2) Norumbega et Virginia, from Descriptionis Ptolemaica Augmentum, 1597, Louvain.
Mapmaker: Cornelis Wytfliet
This first atlas devoted entirely to the Western Hemisphere is aptly named after Ptolemy, the Ancient cartographer whose Geographia was rediscovered in the Renaissance and first reprinted in Bologna in 1477. Wytfliet’s atlas, a compendium of information from others' maps, is a history of the New World to date, including discovery, history, geography, natural history, etc. The 19 maps focus on the continents’ coastal regions, leaving the clear message that information about the unknown interiors was pure speculation. (The Victorians were not the first to need to fill empty spaces!) One of the maps, Norumbega et Virginia, represents the best information about the area to date. It also continues the omissions and errors of de Jode and Quad: no Hudson River, no New York Bay, still no Long Island.

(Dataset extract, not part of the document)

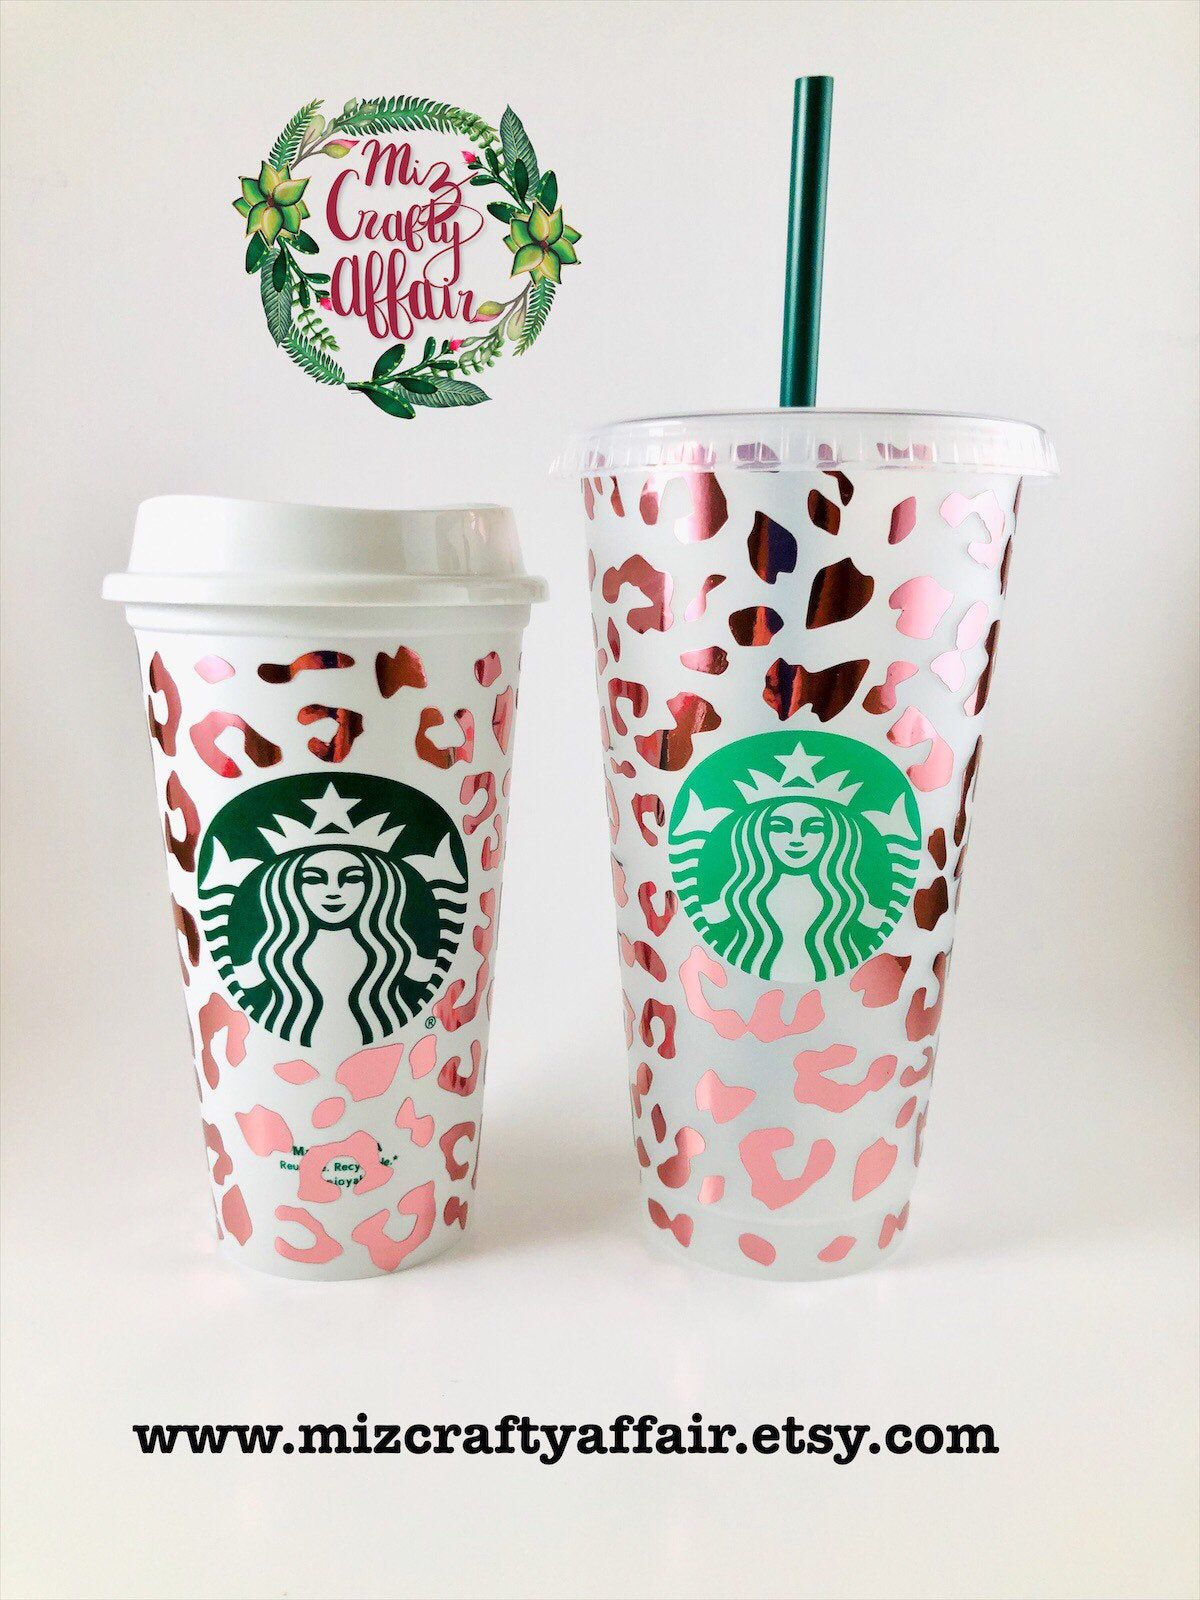 Cheetah Reusable Starbucks Venti Cup Leopard Print Starbucks Etsy In 2020 Custom Starbucks Cup Personalized Starbucks Cup Starbucks Venti
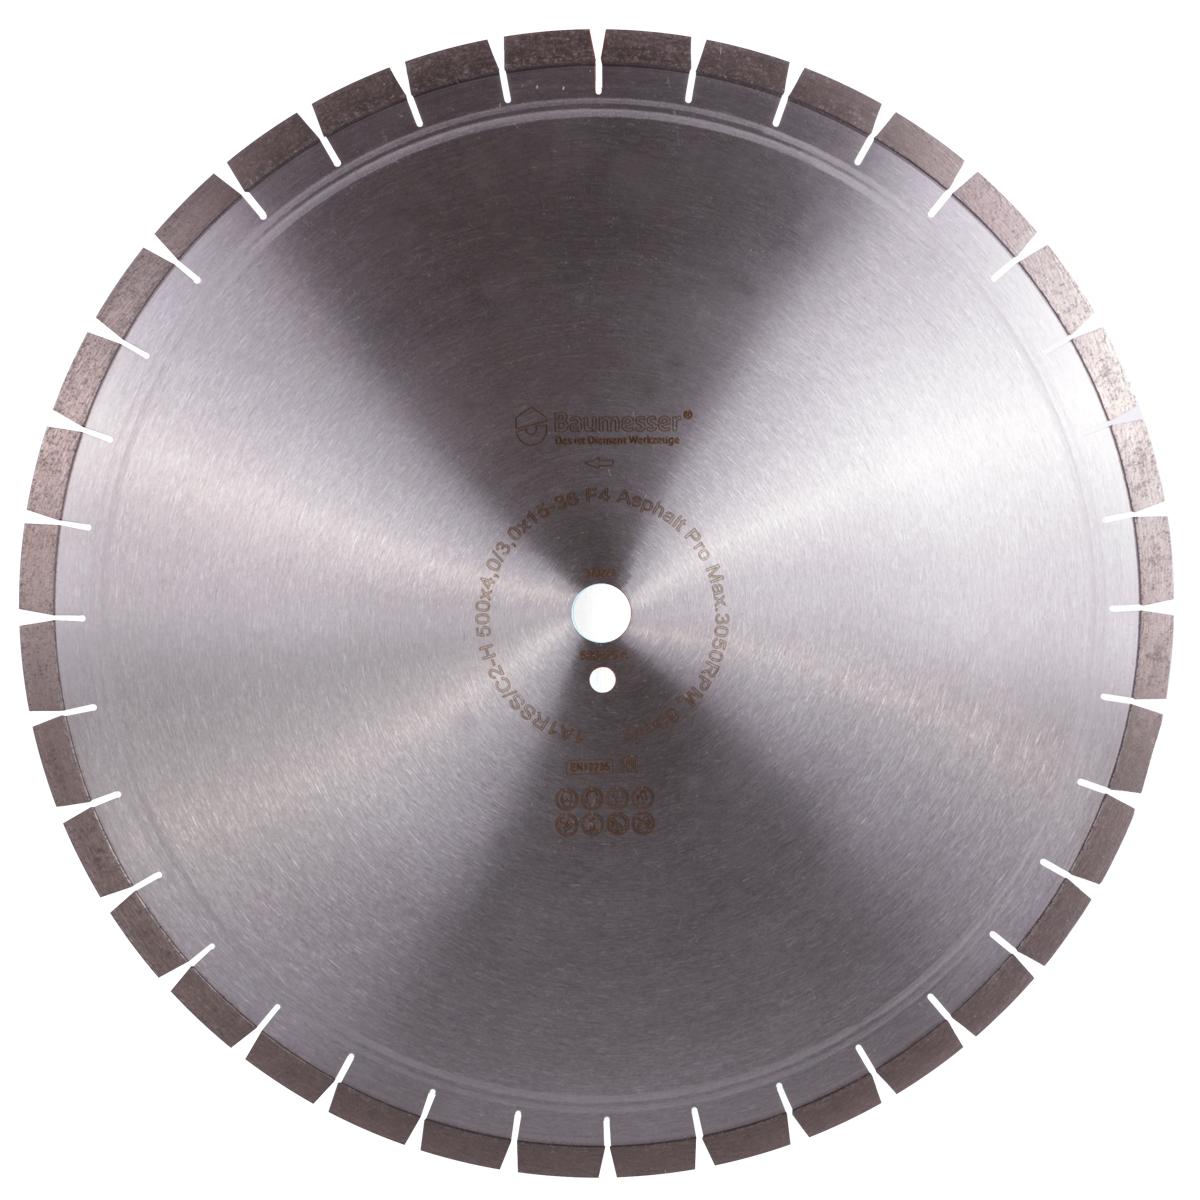 Круг алмазный отрезной 1A1RSS/C2-H 500x4,0/3,0x15x25,4-36 F4 Baumesser Asphalt Pro

Norumbega is a mythical place, a name possibly taken from an Abenaki Indian word for quiet water between two falls or rapids. The name first appeared on Gestaldi’s map of New Spain, 1548. Venice, the city recorded on the map, stands at the head of today’s Penobscot Bay, Maine. Champlain journeyed there to find it, without success.
Still not much information here to encourage one about the yet-to-be New Netherland, but the ship in mid-ocean reminds us that we are on our way (although it is not a seaworthy vessel)!